Unnamed: 0,1:00,2:00,3:00,4:00,5:00,6:00,7:00,8:00,9:00,10:00,...,15:00,16:00,17:00,18:00,19:00,20:00,21:00,22:00,23:00,0:00
0,717.49,707.64,706.44,737.34,745.09,1540.13,1599.88,1575.38,735.64,736.24,...,670.24,672.74,659.04,1262.68,1785.88,2237.78,2178.08,773.74,725.29,682.14
1,651.39,636.34,615.34,623.74,656.19,1375.33,1608.88,1717.48,880.74,863.34,...,904.54,890.94,837.94,1703.48,2216.28,2374.08,2304.18,835.04,802.89,772.94
2,754.89,744.44,729.04,724.74,769.39,1627.63,1763.18,1827.68,933.04,848.64,...,903.94,877.84,854.94,1888.78,2157.98,2095.28,2245.88,824.44,828.49,803.94
3,751.79,746.94,723.24,732.94,727.89,1511.43,1628.18,1777.18,904.24,914.44,...,903.84,852.14,784.14,1017.58,2035.72,1386.08,1036.88,826.94,771.89,767.84
4,722.89,596.24,595.24,595.24,635.19,1409.83,1556.18,1550.68,728.74,778.04,...,383.54,862.14,702.04,1708.98,2111.48,2385.98,2113.38,810.44,797.39,764.24
...,...,...,...,...,...,...,...,...,...,...,...,...,...,...,...,...,...,...,...,...,...
360,593.50,613.80,652.70,641.90,651.70,1373.80,1624.80,1841.70,899.60,850.40,...,852.60,847.80,103.50,1675.30,2201.70,2313.50,2219.70,784.20,749.10,720.10
361,692.30,685.60,683.70,698.60,699.60,1546.60,1701.70,1816.20,899.50,870.00,...,784.90,816.90,771.80,1703.40,2018.40,2258.10,2118.70,734.10,718.40,682.90
362,623.70,607.70,605.50,610.10,643.00,1418.60,1588.70,1699.30,871.90,848.60,...,856.60,868.40,802.50,1473.70,1612.90,1744.20,1705.30,784.50,745.40,730.70
363,693.70,682.30,669.50,686.70,715.70,1535.20,1729.10,1843.40,934.80,903.60,...,860.40,871.10,896.20,1667.30,2153.60,2301.80,2065.90,814.70,784.90,767.00


The main thing with time series prediction is the count of previous sequence we want to use. In this case we may use data of previous 3 days or 4 days or 10 days. In this project, we are going to use datas from previous 3 days.

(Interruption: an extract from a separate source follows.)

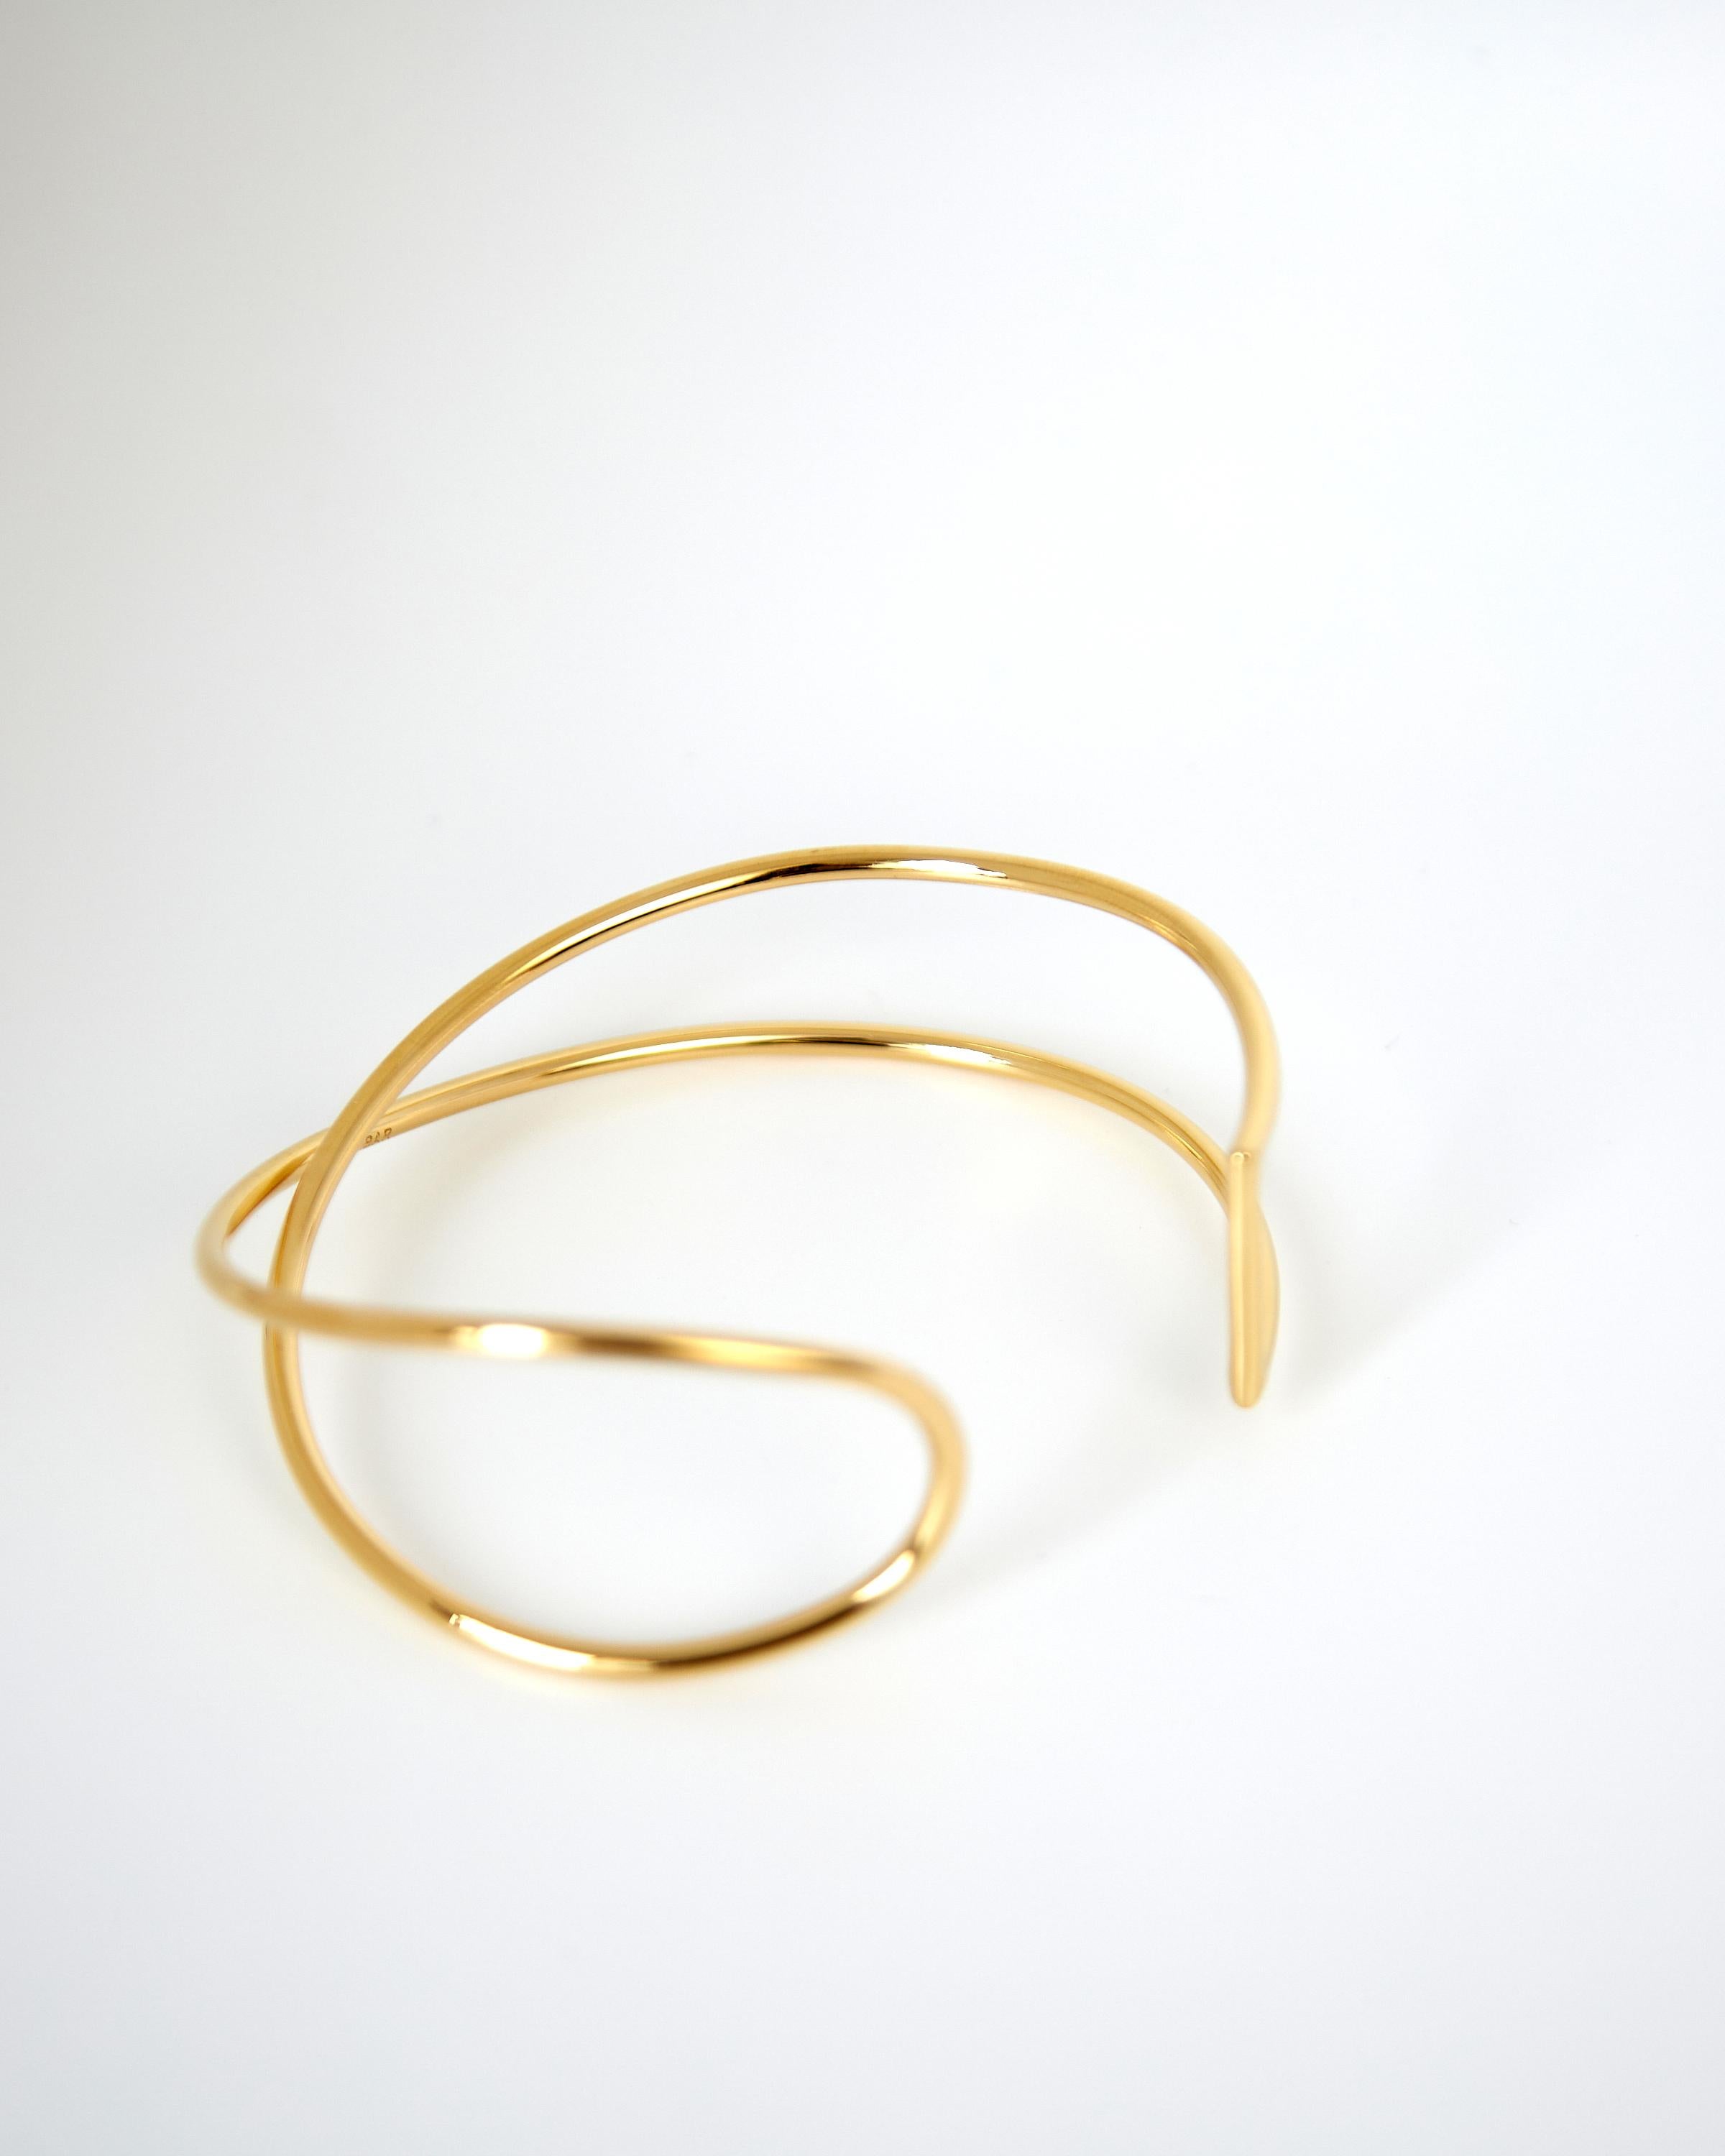 Modernist Sculptural Wire Bangle, 18 Carat Gold Plated Recycled Brass  For Sale

Another interesting thing with time series prediction is **Test Cases**. Generally test cases are splitted from overall dataset in certail ration like 80:20, 70:30 depending upon the size of datasets(If we have a very large dataset then 90:10 split will provide sufficient test cases). The neural net will not see the test cases during training. So they are very important to see the generalization of our neural net. 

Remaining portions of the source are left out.